When Pham asked her manager what she should do to protect herself from the deadly disease, either her manager or her supervisor went to the Internet, searched Google, printed off information regarding what Pham was supposed to do, and handed her the paper, the lawsuit alleges. The ICU did not have any written polices or manuals about treating level 4 infectious disease patients generally or Ebola specifically, according to the lawsuit.
• The hospital defied Pham’s wishes to remain anonymous and violated her privacy.

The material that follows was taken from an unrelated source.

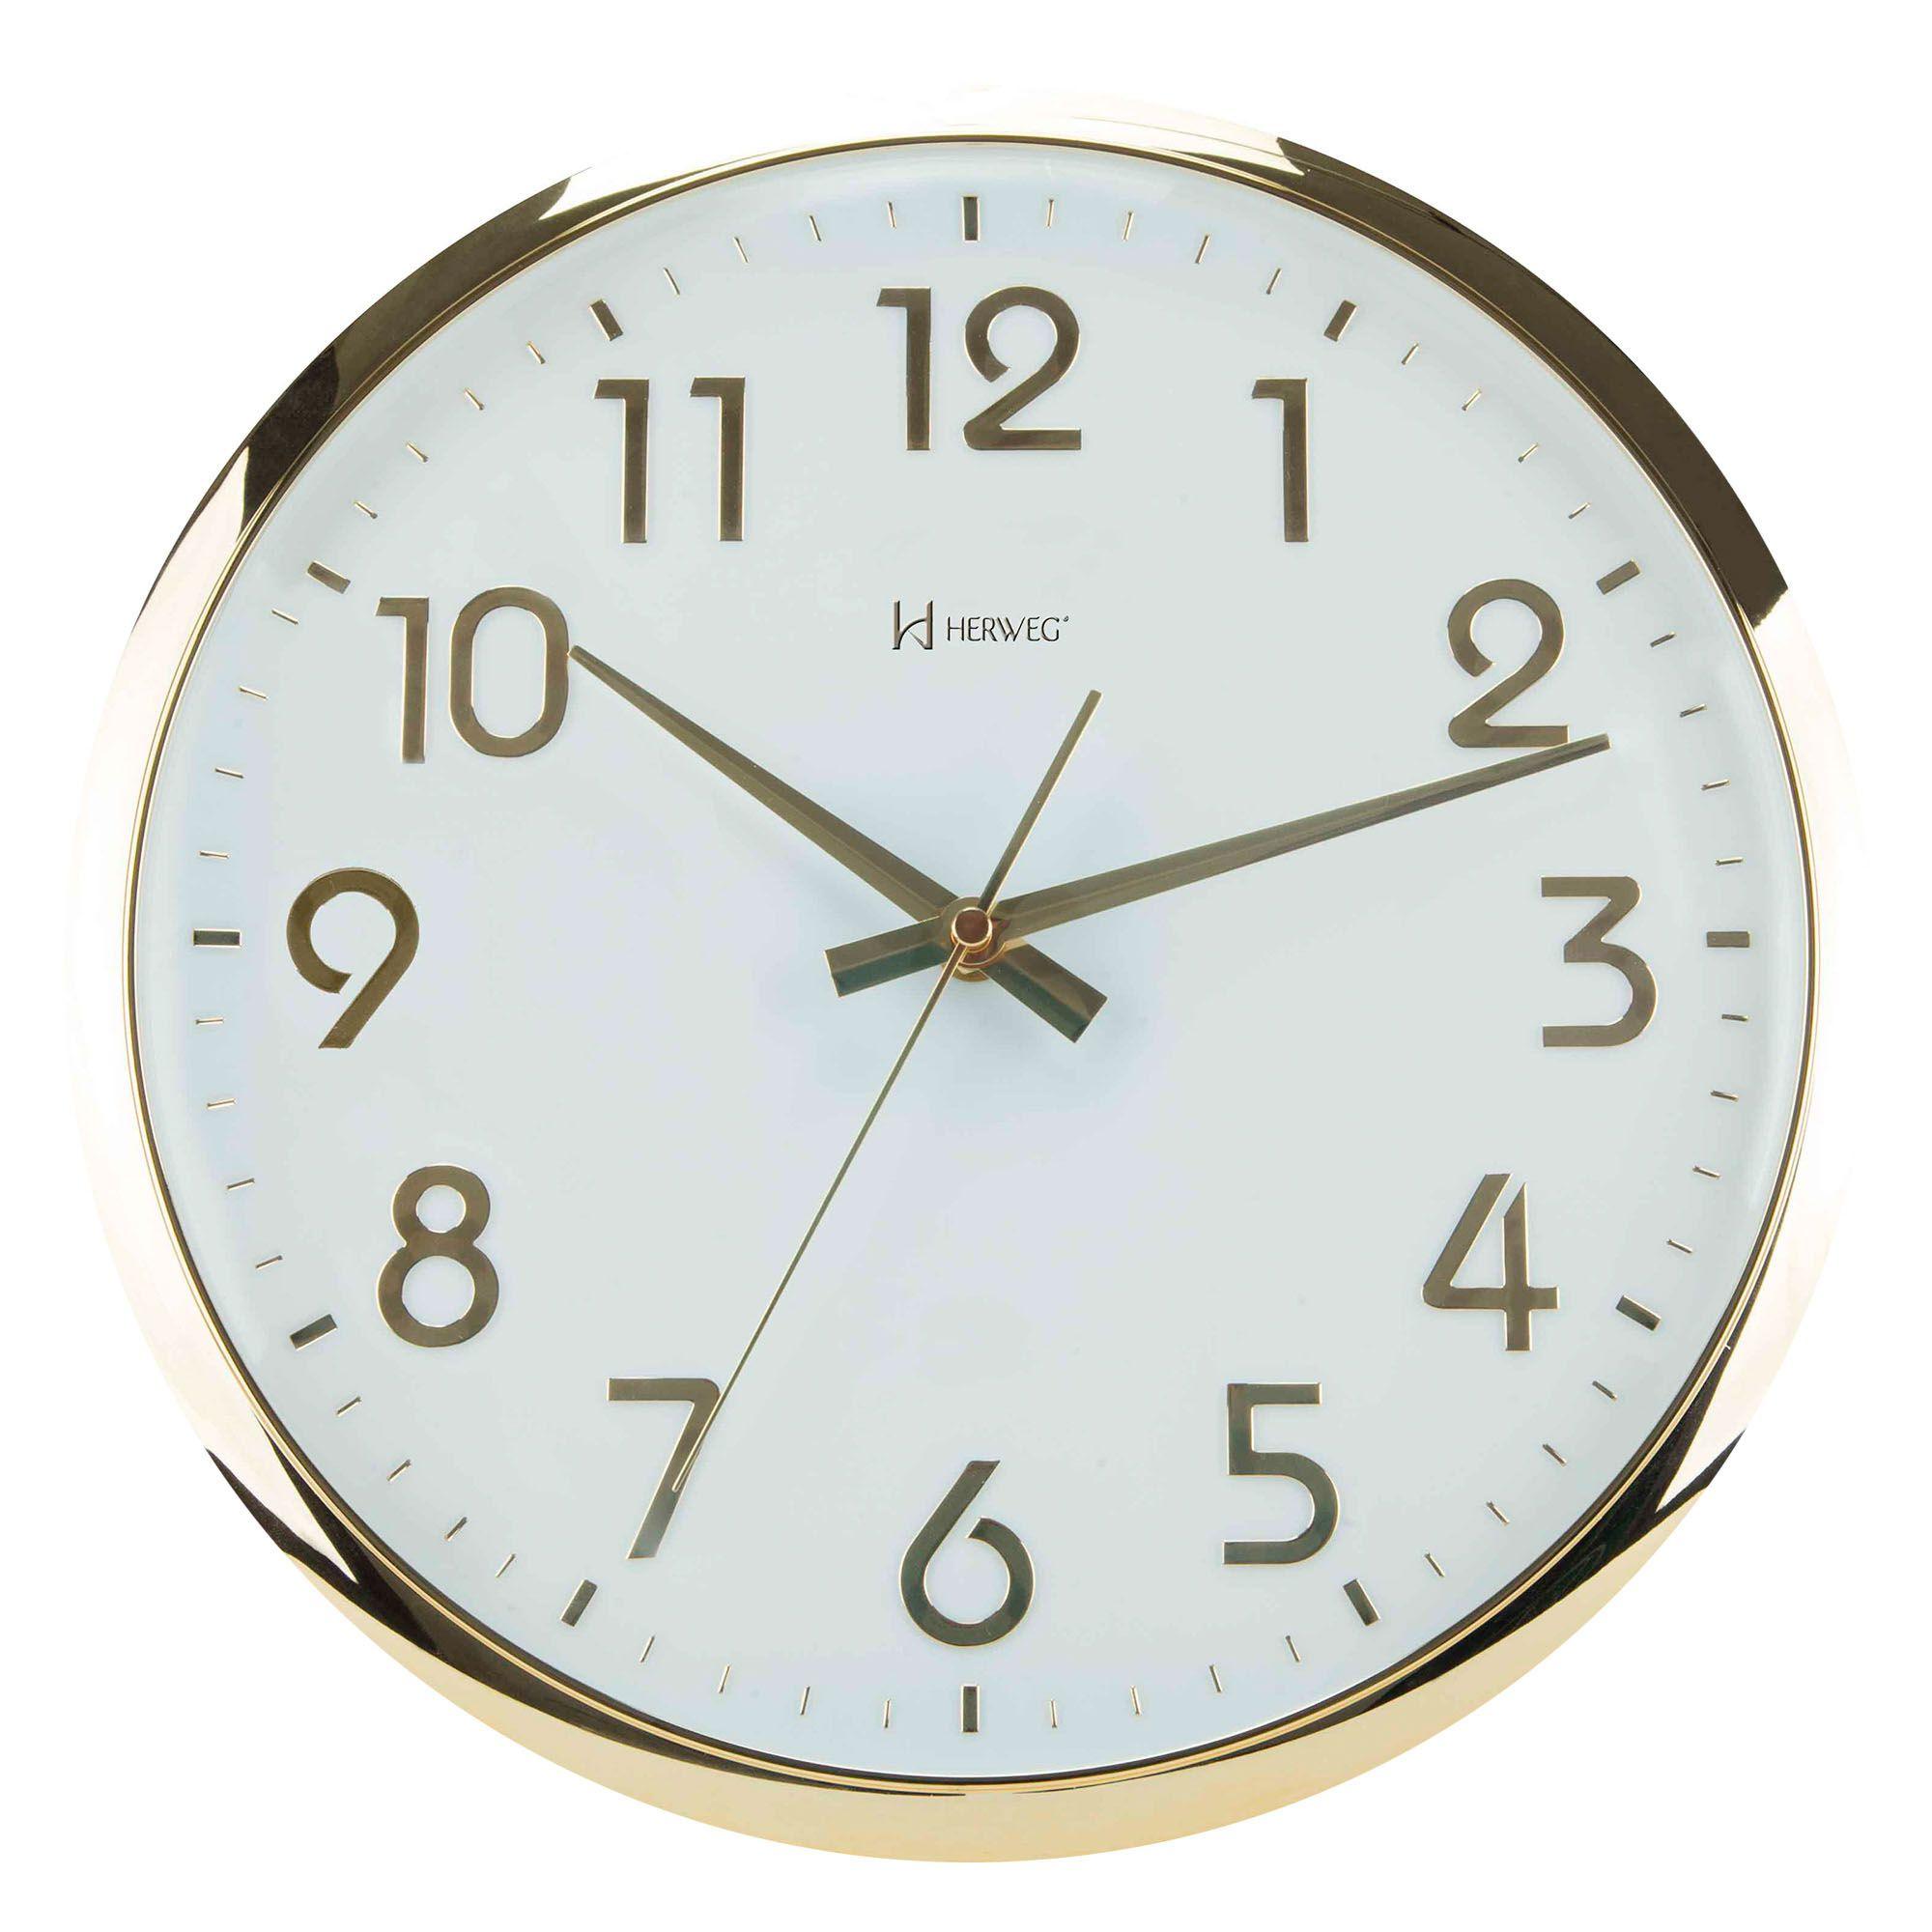 Relógio de Parede Analógico Herweg 6436 029 Dourado Claro

On her way to her hospital’s emergency department with possible Ebola symptoms, Pham called the hospital and asked to be registered as a “no information” patient, a method used to protect a patient’s privacy so the patient’s name is not visible to others accessing the electronic health record. The strategy often is used for celebrities or others whose records might be of special interest.
Despite her request, severe illness, and the effects of multiple medications, the public relations department of the hospital’s parent company called Pham repeatedly, according to the lawsuit. The hospital failed to honor her request for anonymity, and her record was “grossly and inappropriately accessed by dozens of people throughout the THR system,” the lawsuit claims. On the day the lawsuit was filed, THR sent a letter to employees saying it had Pham’s consent to share the information about her that was released.
• The hospital’s chief medical officer lied to Congress about staff training and preparedness.
Daniel Varga, MD, the chief medical officer for THR, testified before the U.S. House of Representative Subcommittee on Oversight and Investigation on Oct. 16, 2014, regarding THR’s dissemination of infection control policies related to Ebola. “It must be noted that Dr. Varga made numerous patently false statements to Congress, including falsely claiming the hospital staff was trained to manage Ebola and misrepresenting to Congress what type of personal protective equipment, or PPE, the nurses wore at various times when caring for Duncan,” the lawsuit claims.
• The hospital could have easily transferred Duncan to a facility better prepared to treat an Ebola patient.
The Galveston (TX) National Laboratory is a biosafety level 4 (BSL-4) Biocontainment Laboratory, one of only two national BSL-4 laboratories in the United States.
“One of the two places in this country and one of the handful of places on earth with qualified and trained experts on the containment and treatment of Ebola was only a phone call and an hour’s flight away,” the lawsuit states.